Nature does nothing in vain, and more is in vain when less will serve; for Nature is pleased with simplicity, and affects not the pomp of superfluous causes.

Isaac Newton. Philosophiæ Naturalis Principia Mathematica, 1687.[1]

It is a great mortification to the vanity of man, that his utmost art and industry can never equal the meanest of nature's productions, either for beauty or value.

David Hume (1742). Essays, Moral and Political: The Epicurean.

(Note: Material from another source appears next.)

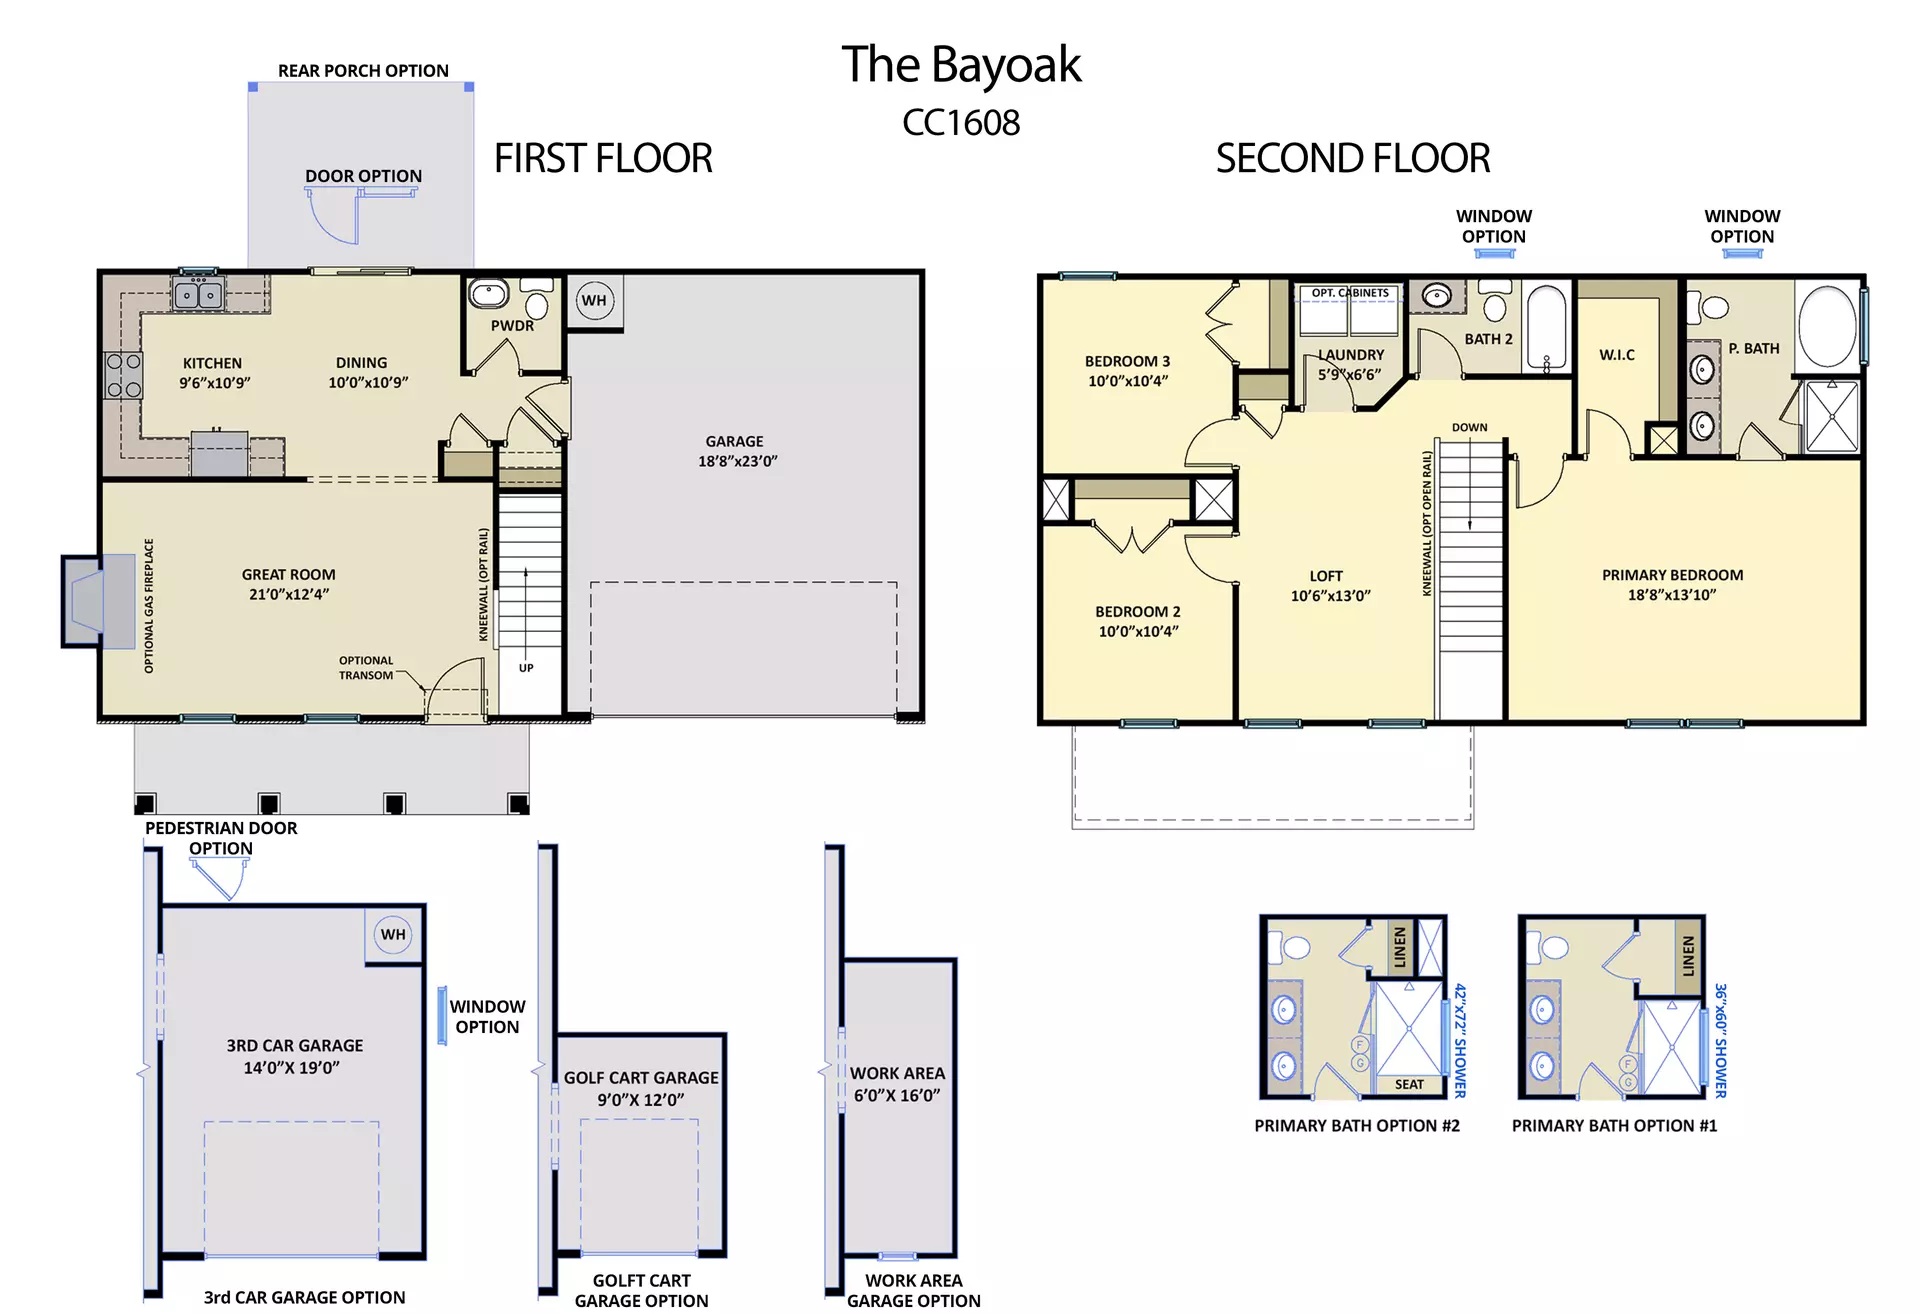 Bayoak floor plan image

Art must touch our lives, our fears and cares — evoke our dreams and give hope to the darkness.

Frederick Hart (1943–99).

Notes

1. Newton may have taken this from Galileo:

Thus it is said that Nature does not multiply things unnecessarily; that she makes use of the easiest and simplest means for producing her effects; that she does nothing in vain…

Galileo Galilei. Dialogue Concerning the Two Chief World Systems, 1632.

Perhaps this resembles Wabi-sabi (侘寂): a Japanese Zen aesthetic expressive of mono no aware (物の哀れ), the awareness of transience (literally the pathos of things). Wabi-sabi embraces the intrinsic beauty of anomalous and impermanent objects made with a mindful application of appropriate skill and accepts with reverence the inevitable wear and damage attending their use. This is not to elevate the merely inept or shabby, rather it delights in a simplicity which is the antithesis of ostentation.

Wabi: simplicity, freshness or quietness.
Sabi: patina, the beauty that comes with age and use.